That looks OK. How about the hardware?

Can you try a known good cable?

A port on your switch that works with another PC ?

Are the link lights lit at both ends of the ethernet cable?

Do they blink when ping is running (ping your gateway). 

Lastly, I have known poorly centered cards to prevent the connector going fully home.

----------

## D. M. P. inc

 *Quote:*   

> Code listing 4.5: Network configuration with DHCP
> 
> # dhcpcd eth0
> 
> Note: Some ISPs require you to provide a hostname. To do that, add a -h myhostname flag to the dhcpcd command line above.
> ...

 

this is what i do to setup a new eth0

----------

## mariourk

Iam sure my harware is fine. I tried other cables, even crosscables.

Other pc's have no problems, so the switch is fine.

When I boot windows anything works fine. So this is a specific Linux problem.

----------

## NeddySeagoon

mariourk,

Have you got a firewall set up on linux thats dropping all incoming packets - including your echo responses?

Are you able to run tcpdump on another PC and see ping packets arrive and responses depart?

----------

## mariourk

I thought so, but Iam trying to install Gentoo from a life-cd. And the life-cd doesn't have iptables or any other firewall loaded.

Other pc's don't recieve anything.

----------

## NeddySeagoon

mariourk,

Does your network card only have an RJ-45 connector or does it have a BNC connector too?

Some network card modules are not very good at auto detecting the media (UTP or co-ax)  and need parameters passed at module load time.

----------

## mariourk

Just RJ-45.

BNC... Wasn't that something from the black&white period?   :Very Happy: 

----------

## NeddySeagoon

mariourk,

Your card will probably want to operate as a bus master. Not all PCI slots these days can support bus masters. Is it in one of the four slots nearest to the AGP slot?

If you don't have an AGP slot, to the left, viewed from the back of the PC. (or nearest the top if its a tower.)

(I'm really struggling now)

----------

## mariourk

I tried all the pci slots already but that doesn't make any difference.

I think that the networkcard conflicts with *some* other device.

The onboard networkcard is the most logical one, so Iam trying to

install the drivers for that one. Unfortunately the livecd has no

compiler... AAAARGH!!! I just want to install gentoo!!   :Crying or Very sad: 

Check this topic, maybe you can help me this way...   :Rolling Eyes: 

https://forums.gentoo.org/viewtopic.php?p=857030#857030

----------

## NeddySeagoon

mariourk,

The compiler is in stage 1 but that has no kernel headers to build against.

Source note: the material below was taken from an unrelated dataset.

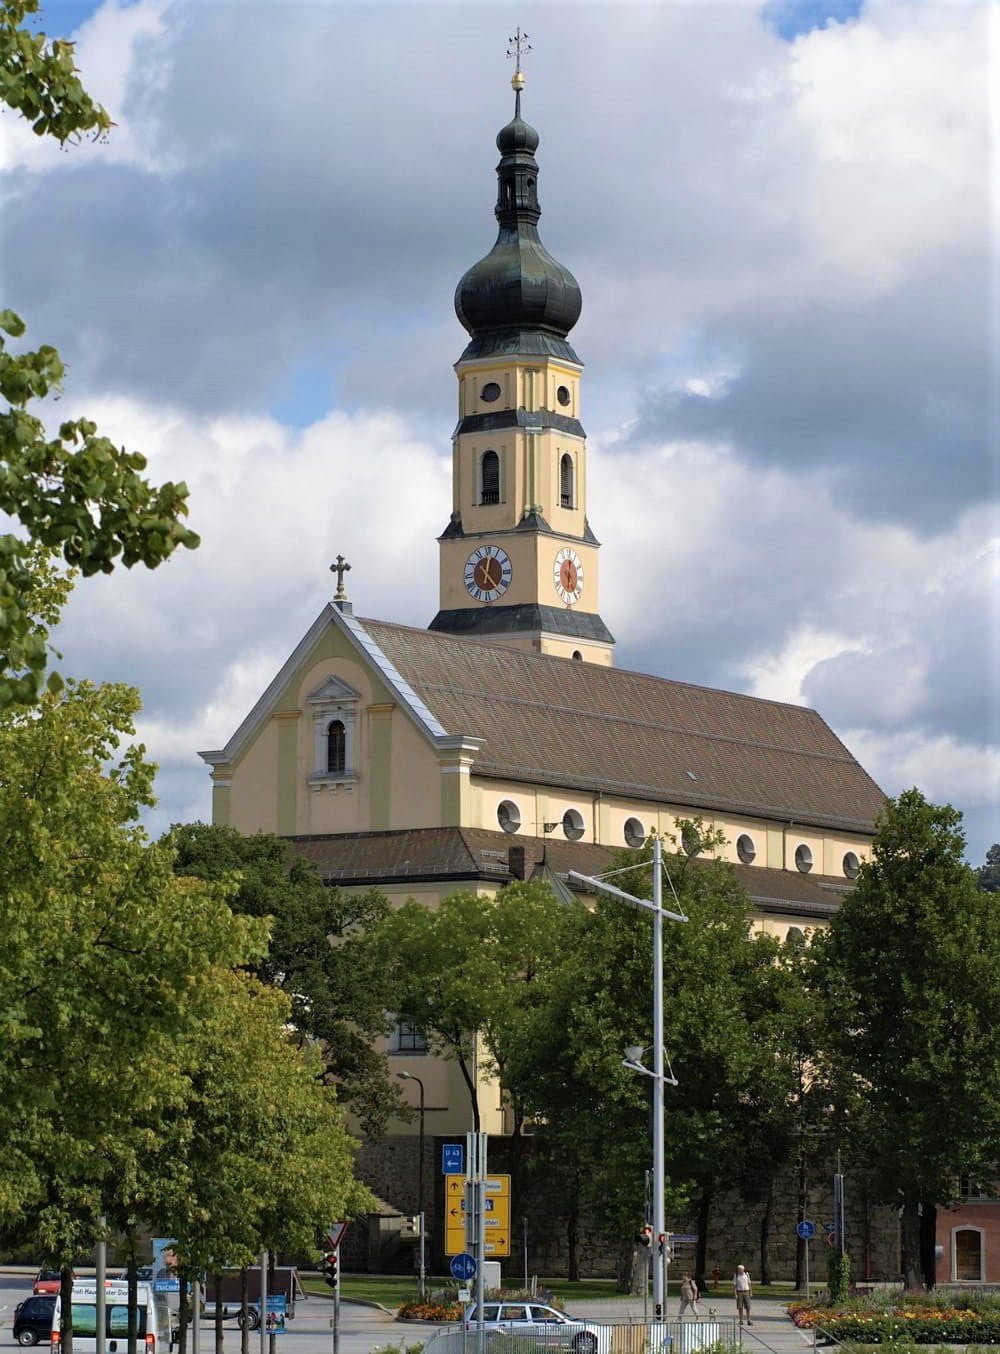 Places to visit in Deggendorf Germany

The kernel headers should be in stage 3, so if you do a stage 3 install, you should get enough to build a kernel module.

PCI cards don't conflict with one another unless you have so many in your box that you run out of interrupts. They are pretty good at sharing interrupts today too.

----------

## merlin

Hello,

I'm having the same issue here, too. I'm running Gentoo/PPC, latest gentoo-dev-sources (2.6.10) on a B&W G3 with two Realtek 8139 chipset NICs. It's running as my router/server. eth0 is linked to my DSL w/ static IP configuration. eth1 is on my LAN w/ static IP configuration. (I can post all the config this week, not at my apartment this weekend.)

The interfaces (eth0 and eth1)  come up and are configured properly as reported by ifconfig. All the routes are set up properly. I can ping localhost and the IPs I assign to the interfaces.

However, no traffic will go across the network to or from the machine.

One strange thing (I find it strange, anyway) is this: When I use another computer on the LAN to ping eth1 on my Gentoo box, gkrellm (on the Gentoo box) blinks the eth1 receive/send lights regularly, once per second, as if the pings are getting received and an answer is being sent back. Of course, the other computer behaves as if the Gentoo box does not respond.

I do use iptables, so I've tried flushing all the rules and setting default action to accept for everything, to no avail. Is there anything else I can try?

Thanks,

Ben

----------

## kallamej

A network analyser, such as ethereal, is often handy in cases like this. Hard to tell without configs.

Moved from Installing Gentoo.

----------

## mariourk

When I was installing Gentoo on my AMD64, I solved this whit a Knoppix cd.

I installed Gentoo as far as I could. Then I booted with Knoppix and copied the latest

2.6-kernel to the Gentoo partition. Then I rebooted with the Gentoo live-cd, chrooted

to the installation partition and continued with unpacking the 2.6 kernel I had downloaded

with Knoppix. With the 2.6-kernel, I was able to use the onboard broadcom lancard.

Yeah, I know. It's a freaky solution. But it worked   :Wink: 

----------

## merlin

EDIT: Okay, so.... I jumped back onto my Gentoo box, and it's working. I haven't changed anything, I just tried pinging an outside IP, and it worked. I know the issue wasn't on my ISPs end, because in desperation I had hooked up a Belkin router so that my room mate would have net access over the weekend, which worked all weekend.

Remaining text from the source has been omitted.